Incredible alpine views

Alpine view, complete with lake and far-off glacier

Michael sitting atop Sidelhorn

Katrina atop Sidelhorn

Michael and Katrina atop Sidelhorn, with Michael pointing picturesquely towards "distant peak yet awaiting"

Evening views with rays of lowering sun

By the time we finished our hike, we were too late to view the Rhone Glacier ice tunnel (maybe some other time), and instead continued towards the very southern tip of Switzerland, on the border with Italy.

* * *

The following day, we made our way through Milan traffic towards Vicenza, where we said goodbye to Evgeny, and met up with Erik Tomsen, Michael’s best friend from middle and high school, along with Erik's wife Svenja, and two daughters (Savannah – 9, and Linnea – just under 3). Because of the warm temperatures, we spent the afternoon playing with the girls in a nearby pool. 

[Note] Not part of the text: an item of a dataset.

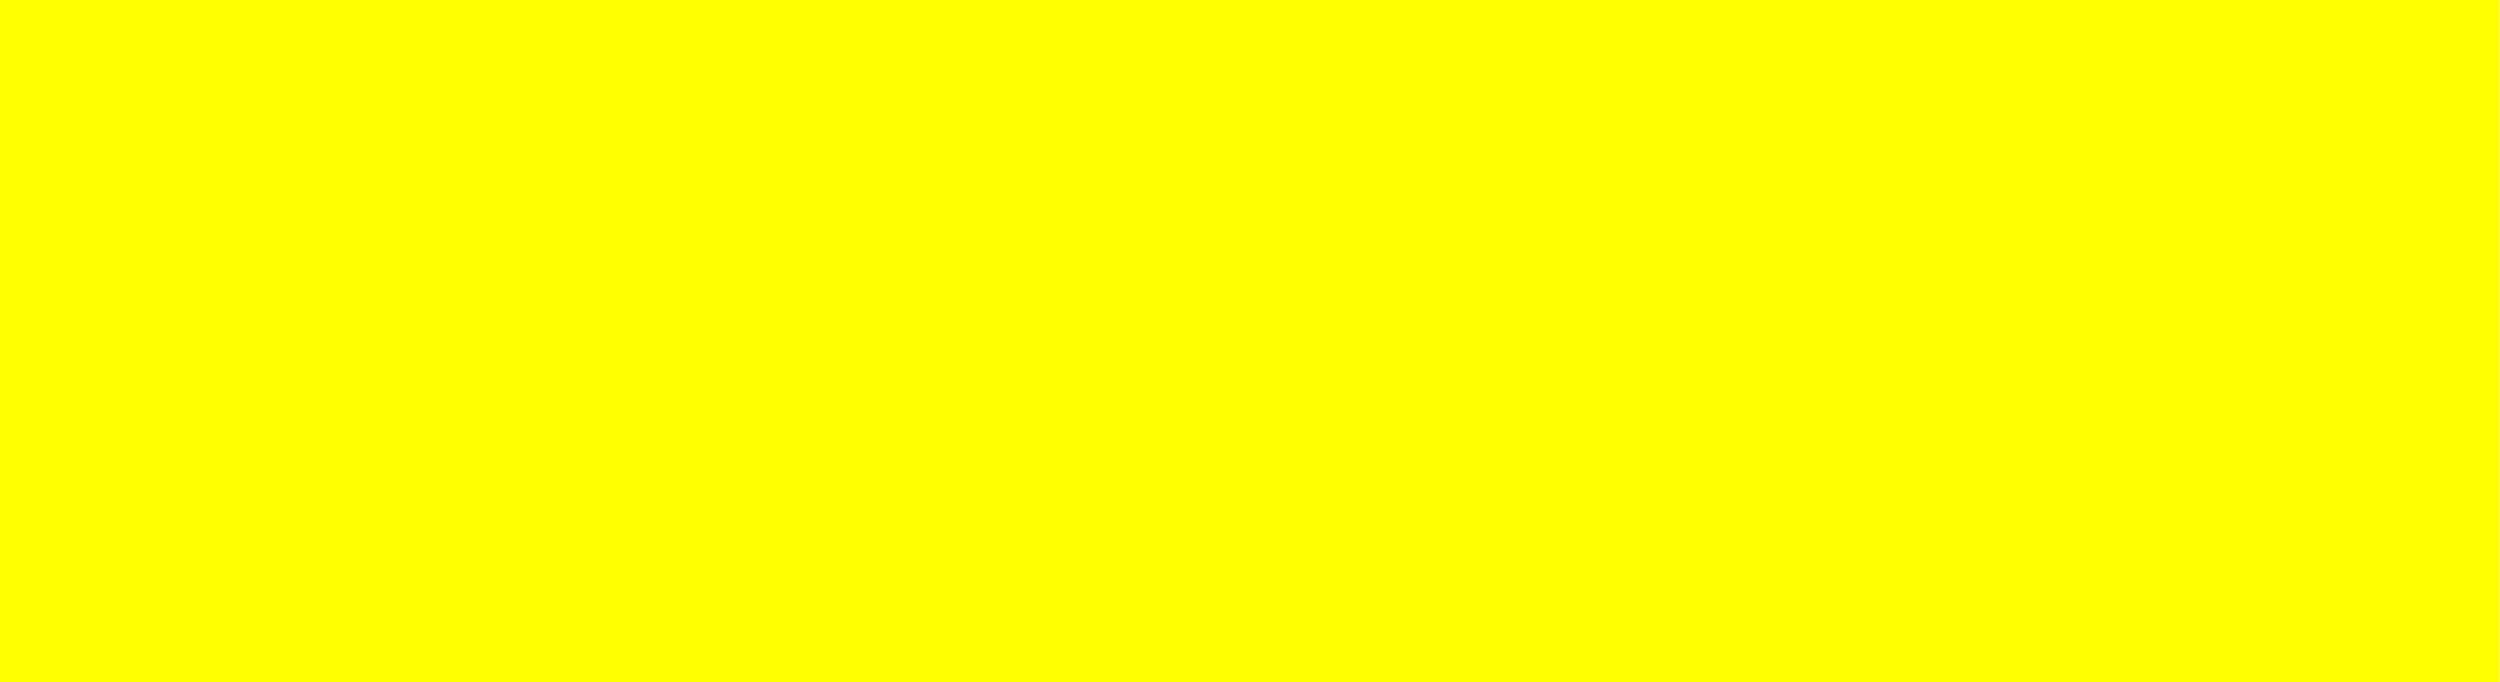 color block_1.jpg

The next day, Erik – who’s spent the last few years stationed in Vicenza working with GIS for the US Army – took us on a tour of some of the nearby sights:

The medieval walled city of Cittadella

Michael and Katrina overlooking Cittadella

Michael and Erik atop Cittadella fortress wall

Michael and Katrina on Cittadella fortress wall

Gardens inside Cittadella walls

Bassano del Grappa – famous for its covered bridge that has been fiercely fought over and frequently destroyed and rebuilt through the years thanks to its strategic position:

Famous Bassano Bridge

    Erik's hand being devoured
    Erik's hand being devoured

    The town of Marostica (and the short hike to the upper castle above the town of Marostica):
    Flowering Wall in Marostica

    1 comment:

    Helen Kline said...

    I love these posts and seeing your travels. Did you try to pet the sheep?